How Facebook Use Big Data To Understand Customers


Facebook, by some considerable margin, is still the world’s biggest social network. It’s used by everyone and their granny to keep in touch with friends, share special occasions and organize social events. Millions of people every day also use it to read news, interact with brands and make buying decisions.

Like all of the big social networks and search engines, it’s essentially free to the end user. The company make the money they use to pay their 10,000-plus staff and keep their services online from businesses that pay to access the data Facebook collect on us as we use their services.

This year, the company announced they had attracted two million active advertisers, mostly small and medium-sized businesses, which pay for ads to appear in the feeds of people who may be interested in them.

What Problem Is Big Data Helping To Solve?

Businesses need to sell products and services to survive. In order to do this, they need to find customers to sell to. Traditionally, this has been done by advertising in a “broadcast” manner: newspaper, TV, radio and display advertising work on the principle that if you put your ad in the most prominent place you can afford a large number of people will see it and some of them are likely to be interested in what you’re offering.

However, this is obviously a hit-and-miss approach. For a large multinational company, it may be clear that a TV spot during the Super Bowl will increase their exposure and put their brand in front of potential customers. But a small business just starting out has to think far more carefully about the most efficient way of spending its limited marketing budget. These companies can’t afford to cover all the bases, so tools that can help them work out who their customers are, and where to find them, can be hugely beneficial.

How Is Big Data Used In Practice?

The rapid expansion of the online world over the last two decades has provided advertisers with a simple way to do just that. Because websites are hosted on computers, not newspapers or billboards, each visitor can be independently identified by the software running the website. And Facebook, with 1.5 billion active monthly users, has access to far more user data than just about anyone else.1

Its data is also more personal – whereas services like Google can track our Web page visits (which incidentally Facebook can now also do) and infer much about us from our browsing habits, Facebook often have full access to straight-up demographic data about us such as where we live, work, play, how many friends we have, what we do in our spare time and the particular movies, books and musicians we like.

A book publisher, for example, can then pay Facebook to put their adverts in front of a million people who like similar books, and match the demographic profiles of their customers.

Data collected by users as they browse Facebook is used to match them with companies which offer products and services that, statistically, they are likely to be interested in.
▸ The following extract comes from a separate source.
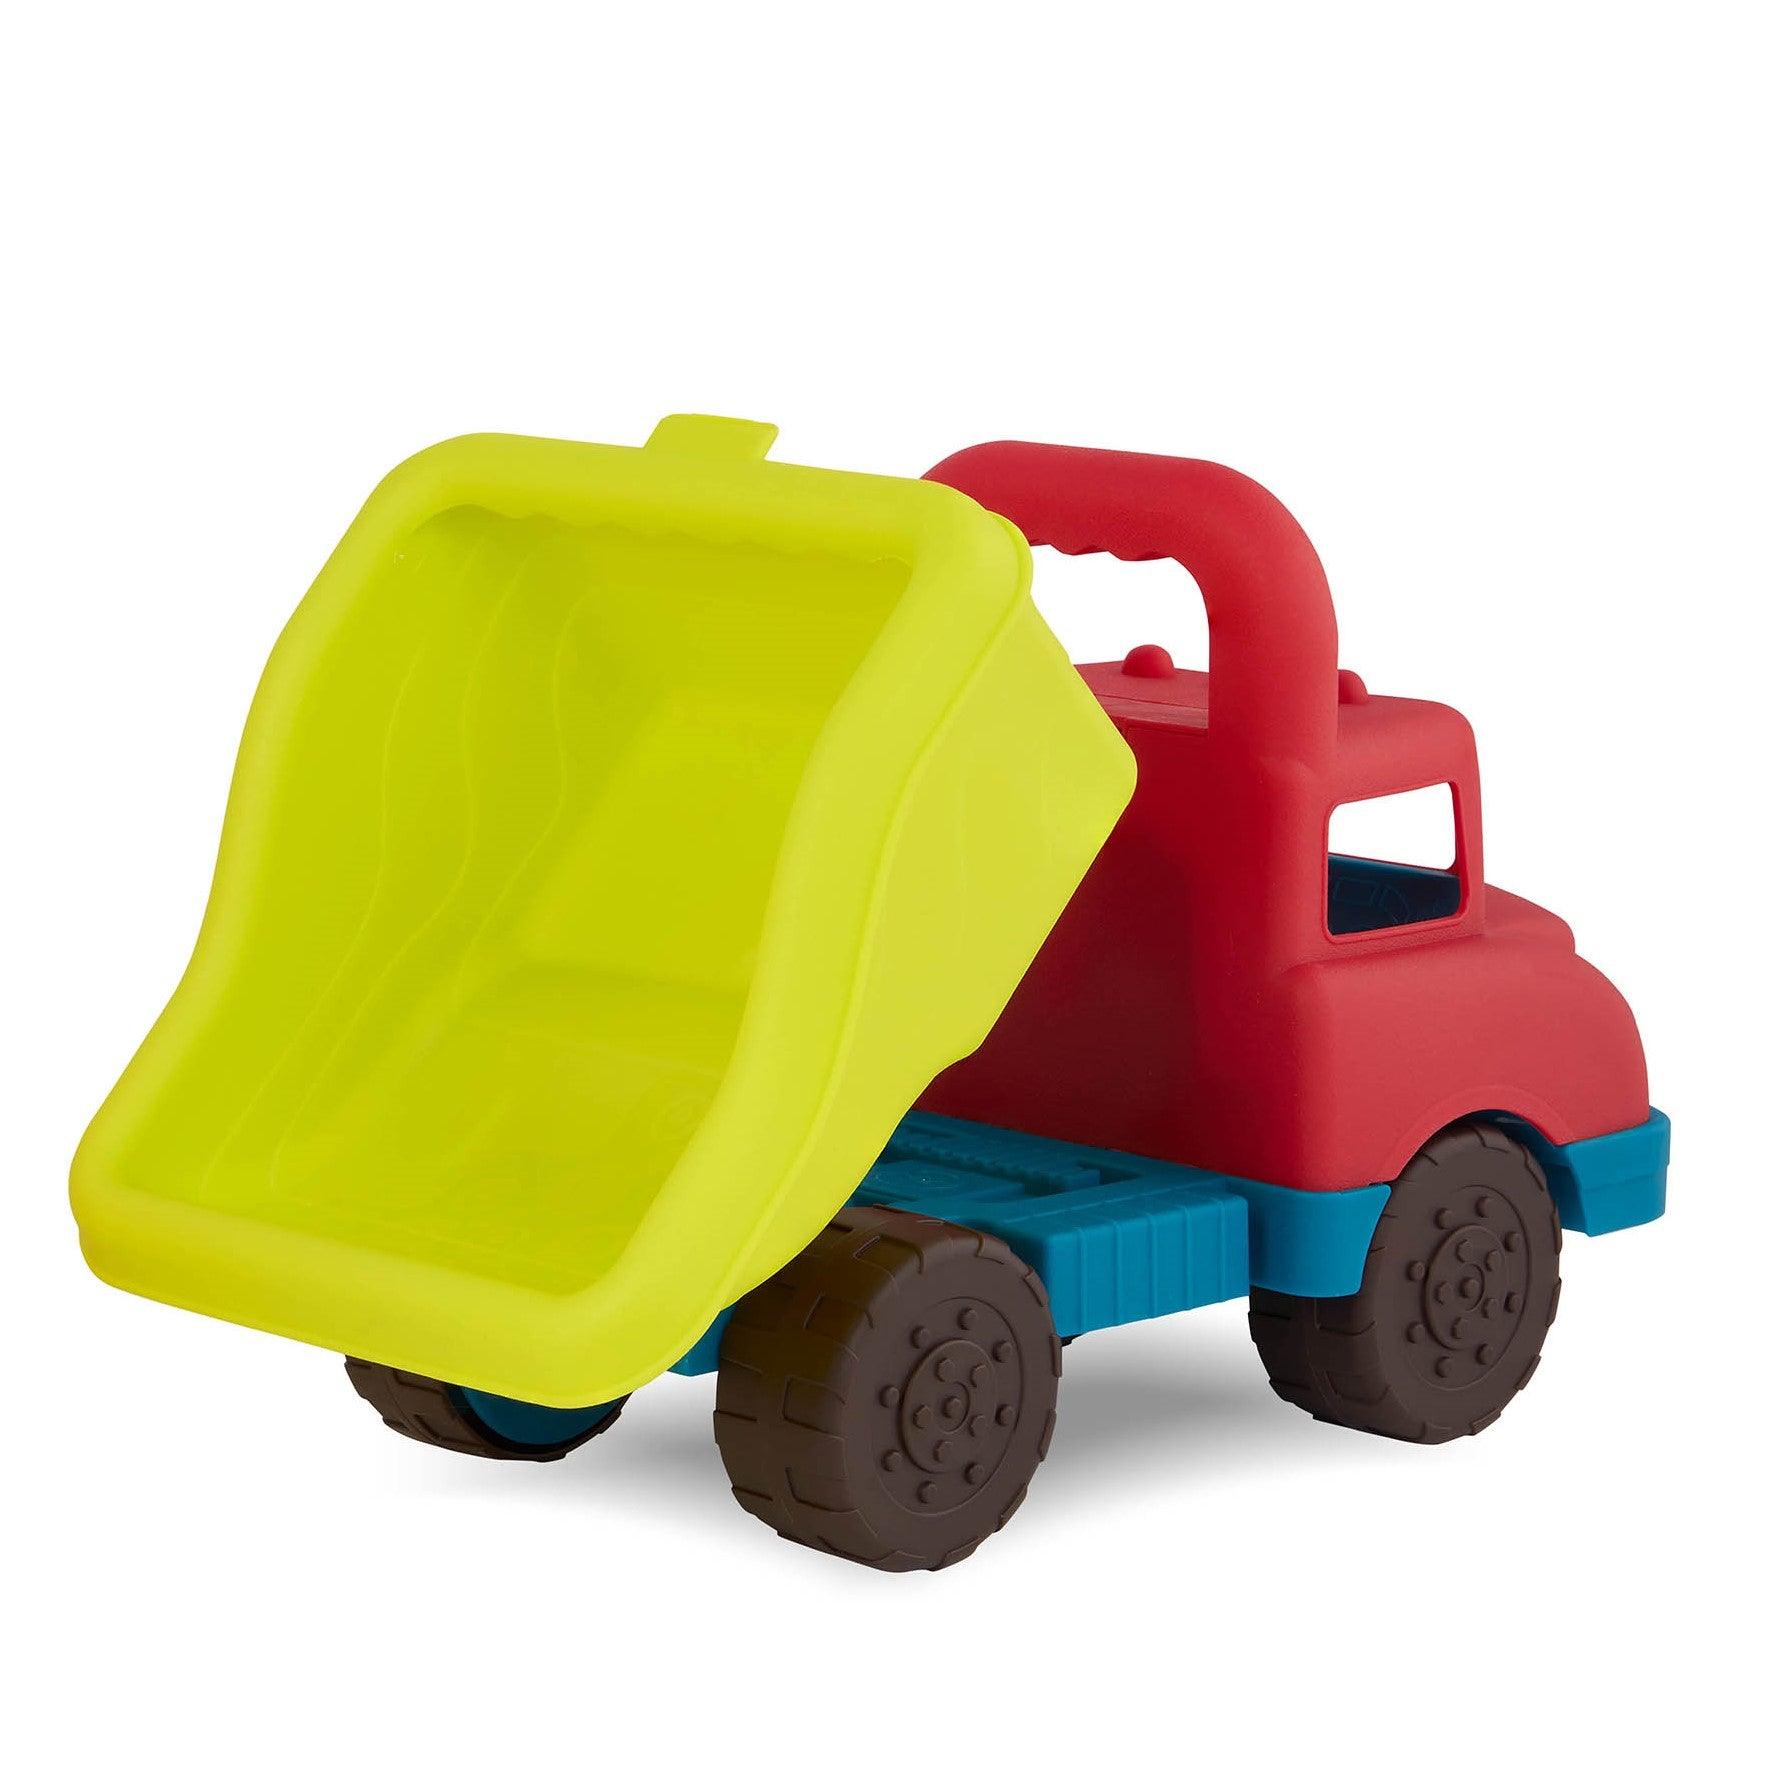 B.Toys: Tipper truck with Grab-n-Go Truck handle

Facebook undoubtedly hold one of the biggest and most comprehensive databases of personal information ever collated, and it is expanding every second of every day.

As well as a platform for sharing messages, Facebook is also a platform for running software. Over half a million apps have been created for Facebook so far, most of which take the advantage of access they have, via the extensive APIs (application program interfaces), to Facebook user data. These apps in turn gather data about how they are used that their developers use to target ads at their own customers.

Facebook also expands by buying out other companies and services and adding their data to its own. In recent years, the company have acquired the Instagram and WhatsApp services, putting more data about how we share pictures and instant messages at their disposal. More intriguingly, they also acquired virtual reality headset manufacturers Oculus. Some commentators have said this shows Facebook are interested in developing services to let us interact with each other in virtual reality, rather than simply on flat screens. Monitoring our behaviour in these new, immersive virtual worlds will undoubtedly be a very valuable source of new data in the near future.

What Were The Results?

Facebook’s tactic of leveraging their huge wealth of consumer data to sell advertising space led to their taking a 24% share of the US online display ads market in 2014, and generating $5.3 billion in revenue from ad sales. By 2017 this has been forecasted to be a 27% share, worth over $10 billion.2

What Data Was Used?

Facebook, together with its users, generates its own data. Users upload 2.5 million pieces of content every minute. This content is analysed for clues about us that can be used to segment us for advertisers. Additionally, they interact with other people’s content as well as data stored in Facebook’s own databases, which include business listings and databases of films, music, books and TV shows. Whenever we “Like” and share this content, it learns a little bit more about us.

In order to provide privacy, all of this data is anonymized when it is fed into the systems that match businesses with potential customers. All this really means is that your name is removed and replaced with a unique identifying code which can’t be traced back to you.

What Are The Technical Details?

Facebook is the most visited Web page in the world after Google’s search engine – and the most frequent thing Google is used to search for is Facebook. It is said to account for around 10% of all online traffic. Of course, a Web service of this size requires a huge amount of infrastructure.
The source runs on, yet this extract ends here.